Odbudować życie intymne
Monika rok od wypadku zaczęła leczyć depresję,
po dwóch latach zapisała się na ping-ponga i taniec. Sama wykonuje
wszystkie prace domowe, bo mieszkanie ma przystosowane do możliwości
osoby na wózku. Wróciła do pracy, jest dziennikarką, częściej pisze w
domu, bo redakcja mieści się w starej kamienicy bez windy. Wprawdzie
nauczyła się zjeżdżać po schodach, ale z wjazdem na górę ma problem,
więc koledzy musieli ją wnosić na drugie piętro.
-
Zaczęłam układać sobie życie na wszystkich płaszczyznach poza
związkiem. Dla niepełnoprawnych znalezienie partnera to niełatwe
zadanie. Najtrudniej jest przełamać własne kompleksy. Starałam się
zagłuszyć swoje pragnienie bycia z kimś blisko, zbudowania rodziny,
urodzenia dziecka. To mama truła mi, żebym kogoś sobie poszukała.
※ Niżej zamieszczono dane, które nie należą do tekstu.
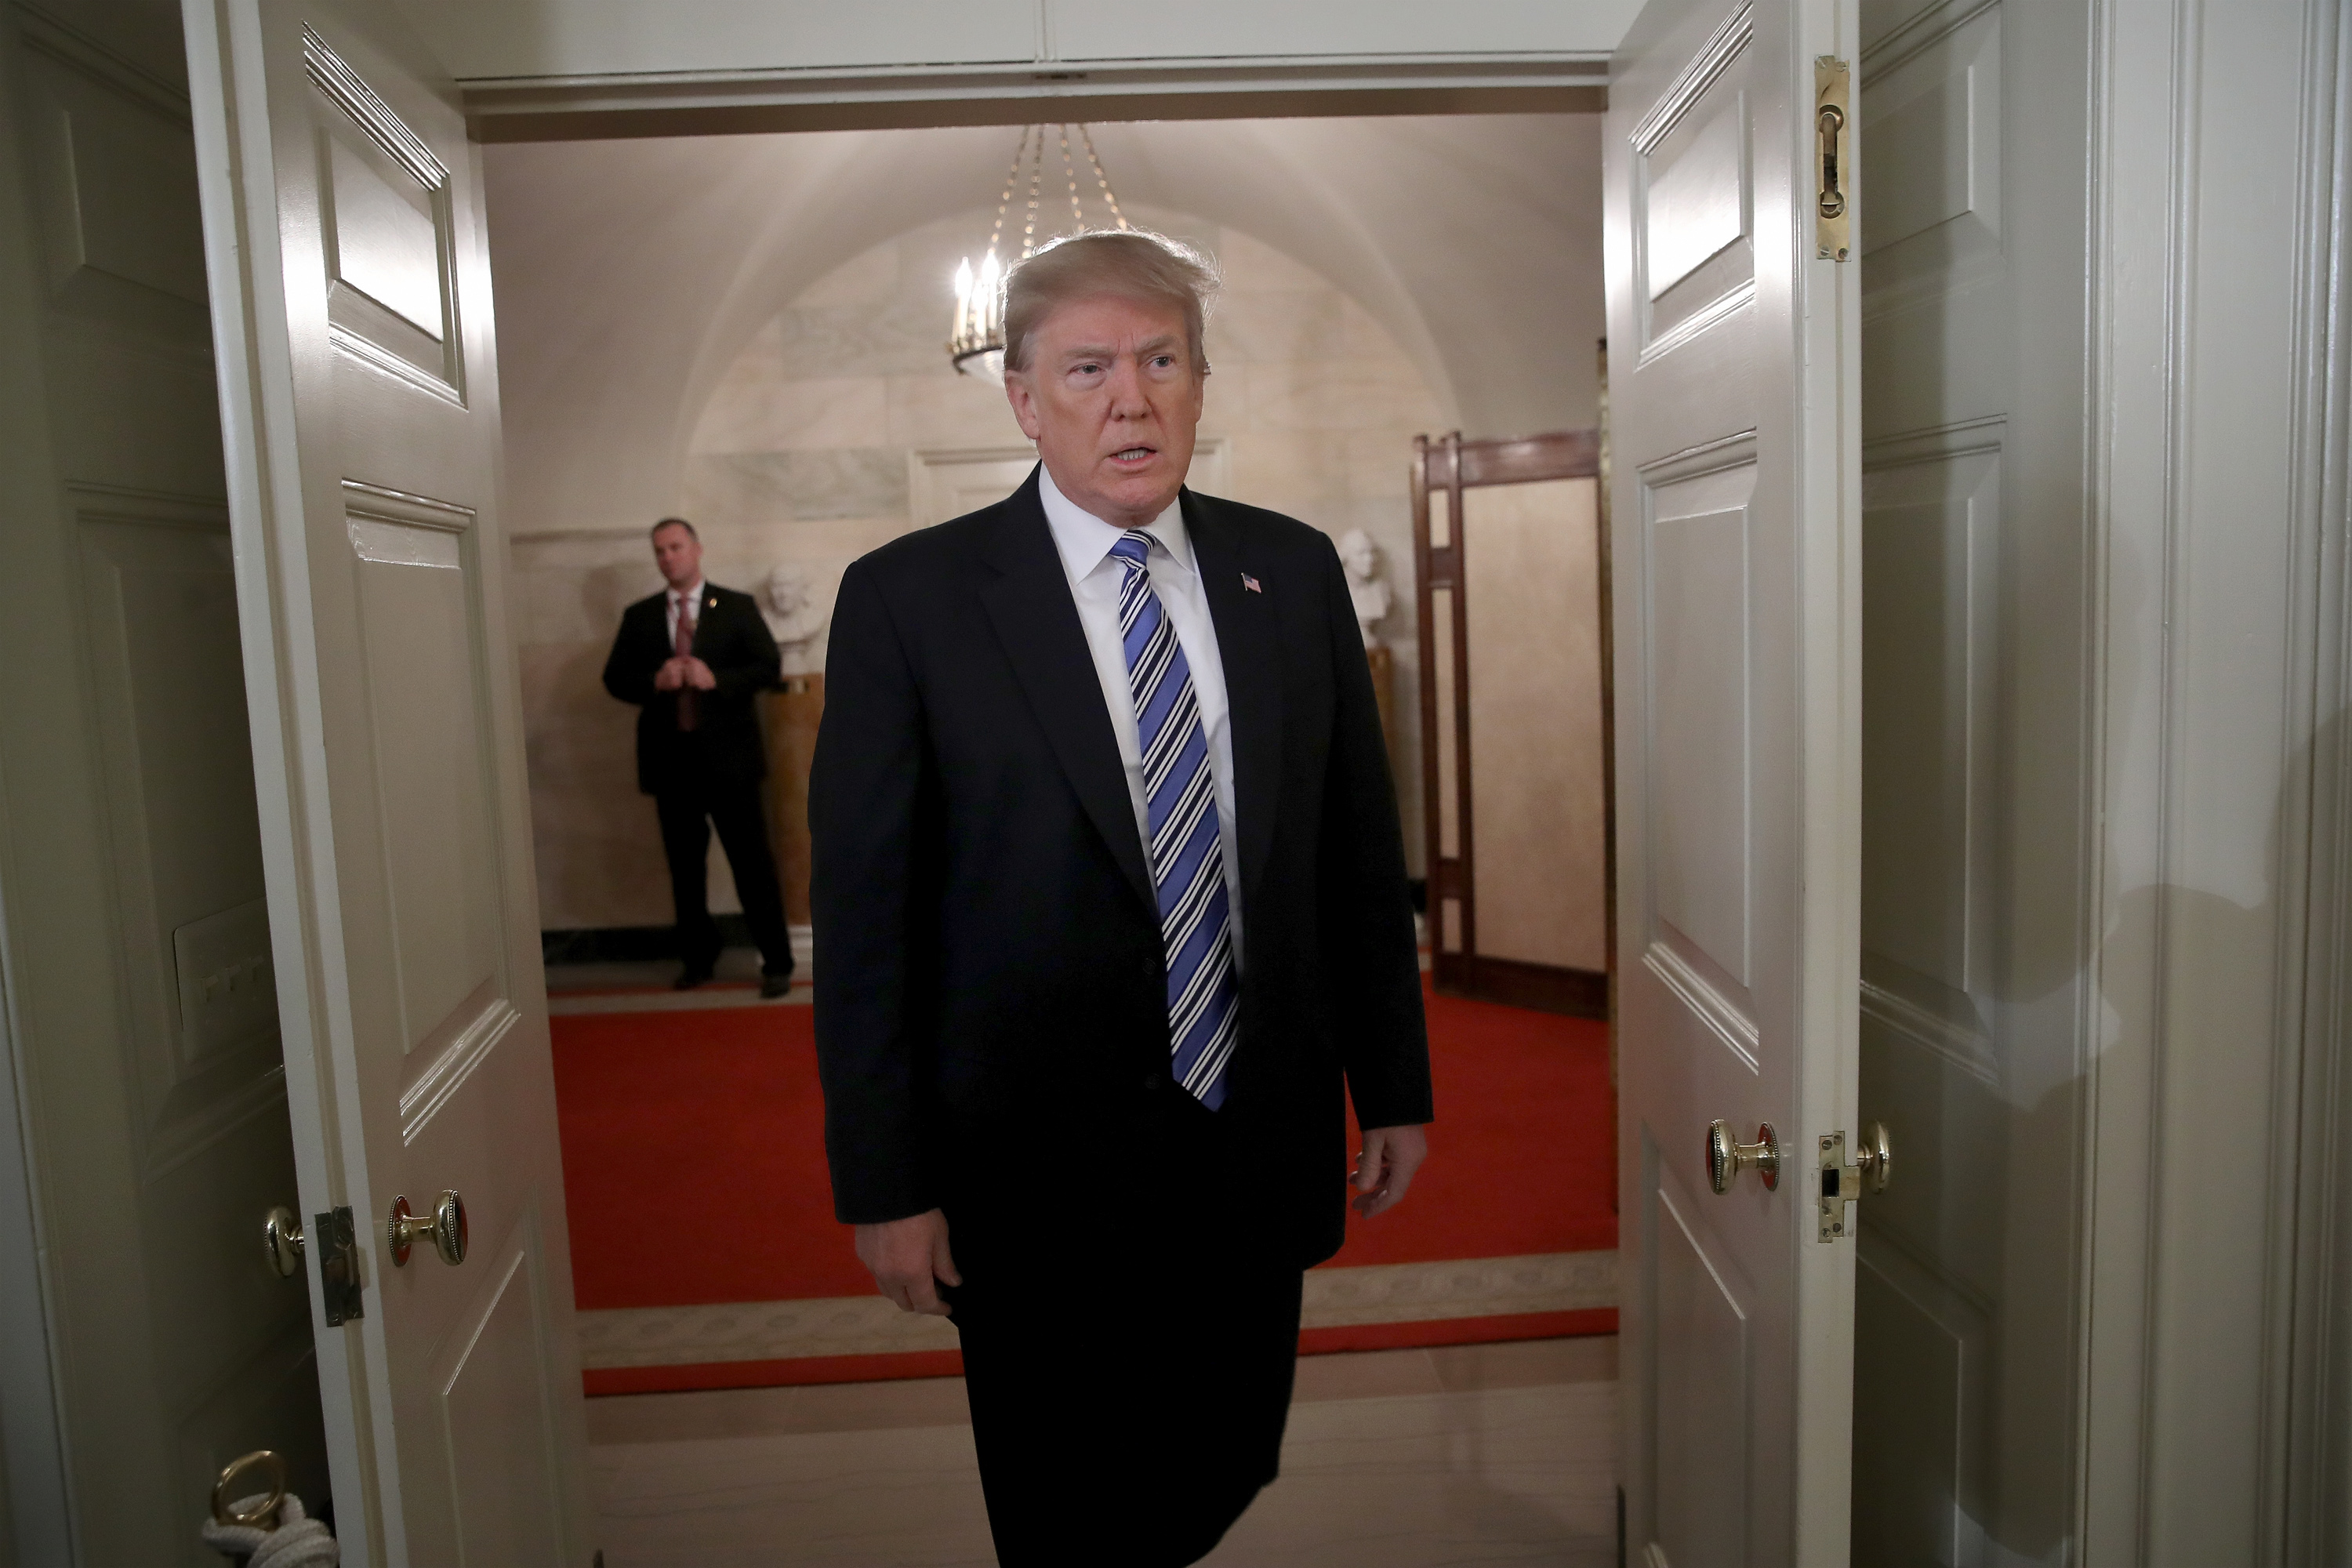 U.S. President Donald Trump arrives to deliver remarks about the shooting yesterday at Marjory Stoneman Douglas High School, at the White House on February 15, 2018 in Washington, DC. (Win McNamee—Getty Images)

Mówiłam jej, że lubię być singielką. Ale każda rozmowa z nią zmuszała
mnie do uświadomienia sobie, jak bardzo się boję odrzucenia - mówi
Monika.
Katarzyna uznała, że seks nie jest
najważniejszy. Kiedy mąż starał się zainicjować zbliżenia, udawała, że
jest zmęczona. Rano on chodził obrażony, ona zagniewana. Miała żal, że
nie jest dla niej wyrozumiały, że jej nie wspiera, tylko wymaga czegoś,
na co ona nie ma ochoty. Atmosfera gęstniała. W końcu jasno powiedział,
że tak dłużej się nie da. Poszli do seksuologa. Starają się odbudować
życie intymne. Częściej okazują sobie czułość.
- Tylko dlaczego nikt mi nie powiedział, że
rehabilitacja powinna też objąć życie seksualne? W Polsce tylko media
ociekają seksem, jak przychodzi co do czego, ludzie są bezradni - mówi
Katarzyna. Chłopaka Monika poznała w pracy. Robiła wywiad
w prokuraturze. Nowy rzecznik zwrócił jej uwagę dużym poczuciem humoru i
dystansem do życia. Pomyślała, że z kimś takim codzienność musi być
dużo łatwiejsza i przyjemniejsza. Znajomość zawodowa przekształciła się w
związek. Wózek nie przerażał go, bo jego ciocia nie chodzi, ale mimo
tego prowadzi duże biuro rachunkowe i jest towarzyska.
- Ludzie zastanawiają się, jak seks
niepełnoprawnych wygląda od strony technicznej. Jeśli mogę pracować,
gotować, sprzątać, poruszać się po ulicy, a na koniec dnia sama położyć
się do łóżka, to dlaczego seks miałby sprawiać mi problemy? W tym
wypadku większym problemem jest psychika niż ciało. Dużo ćwiczę, dbam o
dietę i staram się sobie podobać - mówi Monika.